The Invisible Hand

The language of money: Daniel Lapaine (Nick) and Parth Thakerar (Bashir). Photo: Mark Douet

Theatre: Tricycle Theatre
Play: The Invisible Hand
Playwright: Ayad Akhtar
Director: Indhu Rubasingham

Review by Arani Yogadeva

The dog eat dog environment of a Wall Street trading floor is transplanted to a rural Pakistani prison cell in Tricycle Theatre’s production of Pulitzer award-winning writer Ayad Akhtar’s latest play The Invisible Hand.

American, Ivy League educated banker, and all round high flyer, Nick Bright (Daniel Lapaine) has been kidnapped in Pakistan by a militant group which has mistaken him for his Citibank boss.

The play opens with Dar (Sid Sagar), the lowest level captor, clipping Nick’s fingernails while the banker offers him a crash course in free market economics. Dar delights in the fruits of Nick’s advice to illicitly stockpile potatoes to influence supply (resulting in an increased crop price), only to then sell them at a profit while making sure to convert the unstable Pakistani rupee currency into the more docile dollar.

Enter the initially swaggering Hounslow-born but now Pakistani-bred Bashir (Parth Thakerar) who sets his stall by accusing Nick of introducing Dar to corrupt capitalist ideals before physically attacking his comrade. Bashir threatens that if neither Citibank nor the US government stump up the $10 million ransom for the Nick’s release, he will be handed over to Lashkar-e-Jhangvi (the real-life militant organisation which claimed responsibility for the killing of the American journalist Daniel Pearl in 2002).

In desperation, Nick volunteers to redeploy his trading skills to transfer the $3 million he holds in a private Cayman Islands account to offset some of the $10 million ransom on his head, within a year. As a result, Nick manages to convince Bashir, Dar and their self-styled leader Imam Saleem (Tony Jayawardena) that he is an asset if kept alive.

Not fully convinced, the Imam decrees that Nick is not allowed direct access to a laptop. Instead, Bashir acts as the middle man, initially at least, with Nick schooling him in the trading know-how of shorts, futures and puts. But in so doing, Nick creates a Frankenstein-esque alliance between them.

Nick quickly demonstrates the value of his trading skills by shorting the assets of a controversial Pakistani businessman hours before his assassination by a suicide bomber from Lashkar-e-Jhangvi, profiting the cell handsomely. The funds are converted from rupees into dollars, demonstrating the ironic windfall of a country gambling against its own weak currency.

As Nick’s personal currency with his captors grow, he discovers, and exploits, a deeper level of corruption and financial hypocrisy at the highest level of the cell. This leads to a new order with startling consequences.

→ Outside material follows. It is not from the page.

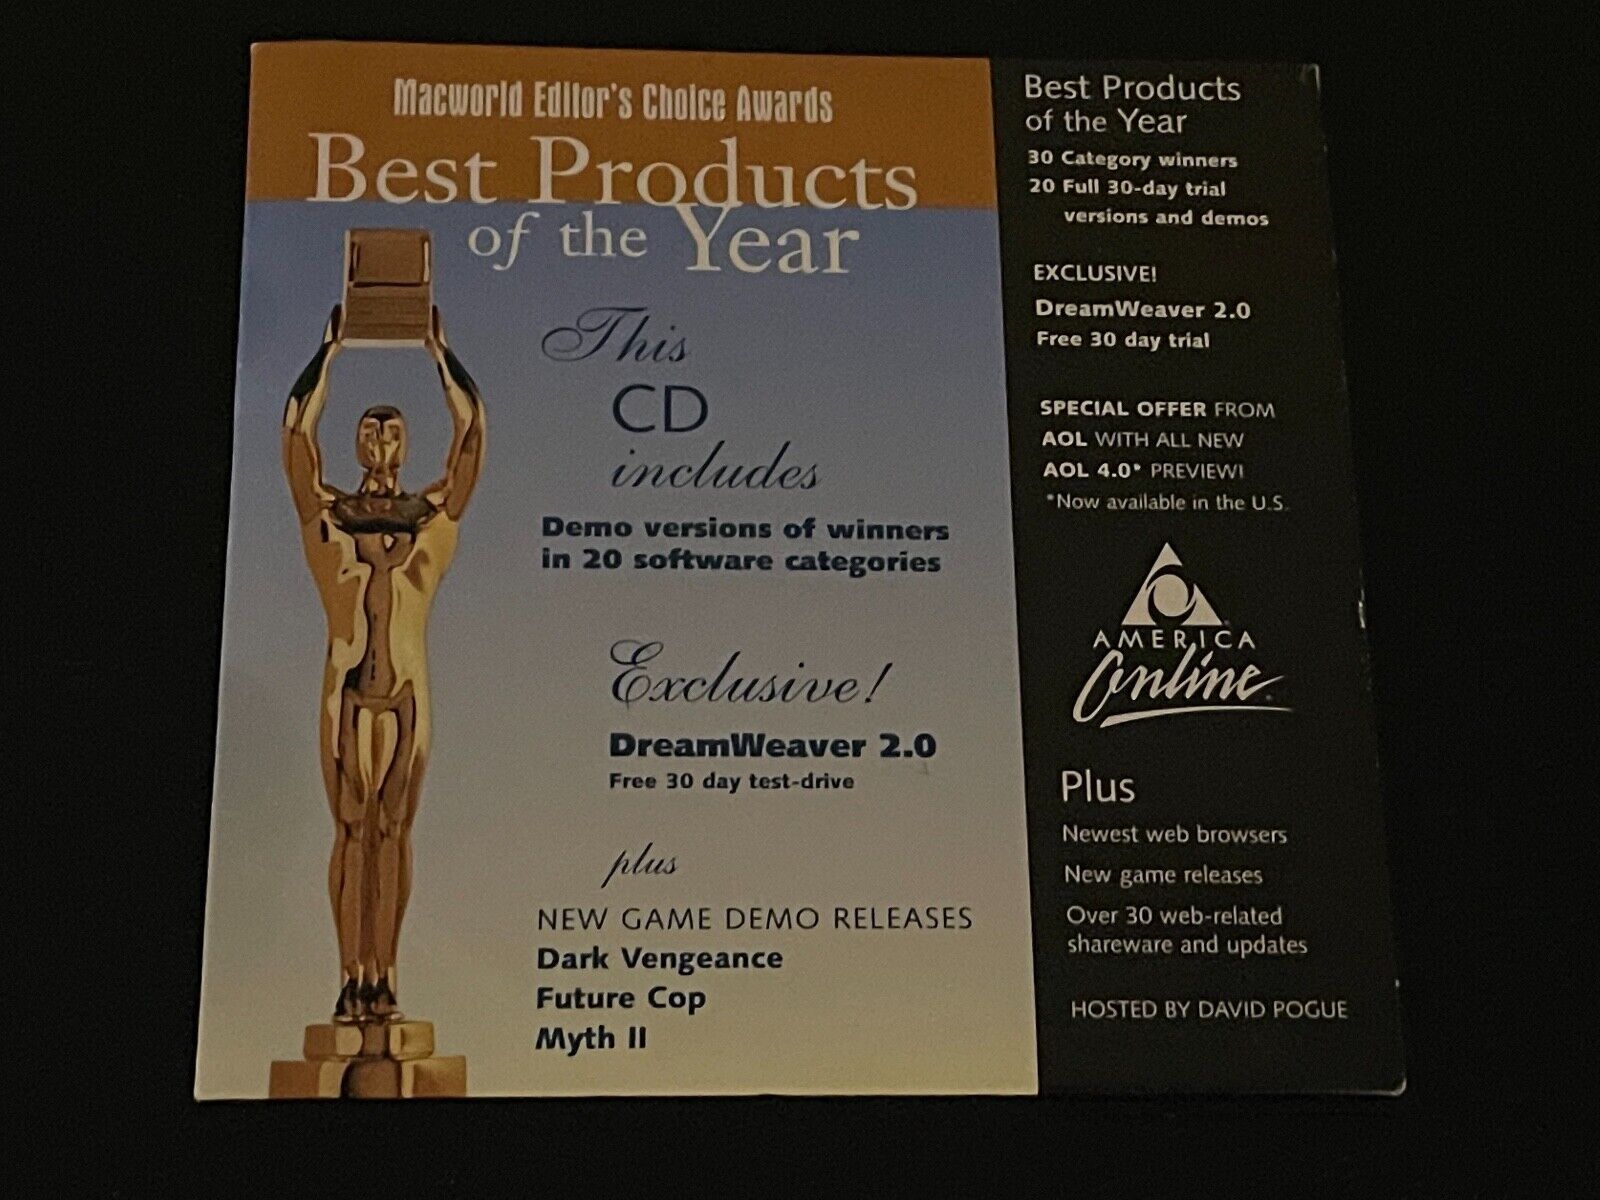 Vintage Apple Macworld Editor's Choice Awards Best Products of the Year 1999 CD

The ‘Invisible Hand’ of the play’s title comes from the free-market theory of economist Adam Smith, that self-interest across the market is a collectively stabilising and corrective force. Akhtar’s play posits the argument that human greed is universal and, as an agent of self-interest, the invisible hand is actually a destabilising force.

His sharp wit and humour is peppered throughout what is essentially a political thriller. As the action is concentrated in set designer Lizzie Clachan’s dusty makeshift prison, the quartet of actors work hard, with Daniel Lapaine totally convincing as the talented banker held captive Nick (with a perfect American accent). Parth Thakerar shines as the young, twitchy militant Bashir and Indhu Rubasingham’s direction is taut and effective in bringing to life some surprisingly funny moments.

Akhtar has written an important, but flawed, play – the final production before Tricycle Theatre closes its doors for a £5.5 million refit. The characters are constrained by a plot which doesn’t always feel credible: the hostage-drama Shawshank Redemption trope of Nick attempting to escape (armed with the now pilfered nail clippers) as the pre-interval cliff-hanger doesn’t really pay off other than to demonstrate that he is now more precious to the cell alive than dead. It works best when we see Nick and Bashir put themselves on the line emotionally.

Early on in the play the Imam declares: “Money, not religion, is the opiate of the people.” The Invisible Hand presents a provocatively potent argument that religious fundamentalism and free-market capitalism are not necessarily poles apart after all.

The Invisible Hand is at the Tricycle Theatre until 2 July 2016.